Despite progress many homes still not meeting minimum standards

More than half of children’s homes do not meet the national
minimum standard on child protection procedures and training, new
figures reveal.

The research, by the National Care Standards Commission, also finds
that only 36 per cent of children’s homes meet the standard on the
vetting of staff and visitors.

The findings, based on an analysis of interim data for 2003-4 and
the results of almost 17,000 inspections between April 2002 and
April 2003, also reveal problems with skills. Only four in 10
children’s homes have adequately trained and competent staff –
although a further 49 per cent almost meet this standard.

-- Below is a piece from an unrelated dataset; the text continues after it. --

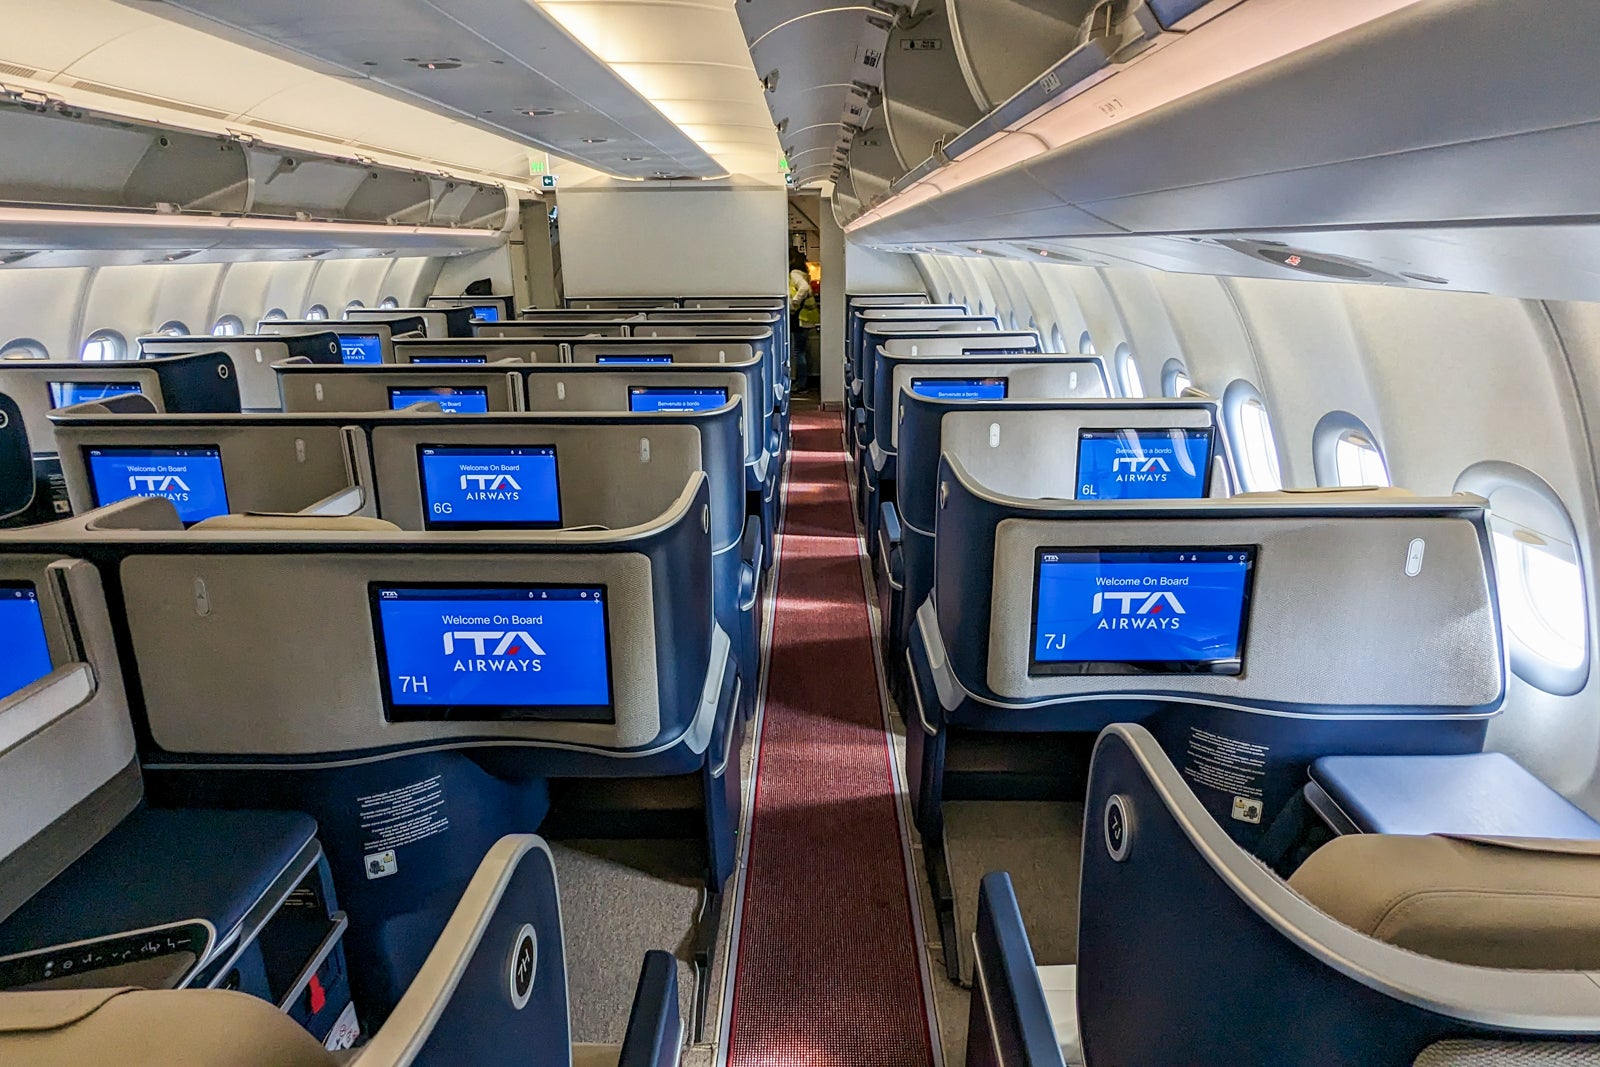 my trip on delta airlines

Meanwhile, in care homes for older people and for younger adults,
only 45 and 50 per cent respectively have an effective staff
training and development programme.

Only 47 per cent of older people’s homes meet the standard on staff
qualifications and skills, although full compliance on this
standard is not required until 2005. A further 38 per cent were
found to almost reach it.

Sheila Scott, chief executive of the National Care Homes
Association, criticised the report for not mentioning that some
older people’s care homes were struggling with funding. “It’s an
important part of the inspection process to understand the
challenge faced by care homes,” she said.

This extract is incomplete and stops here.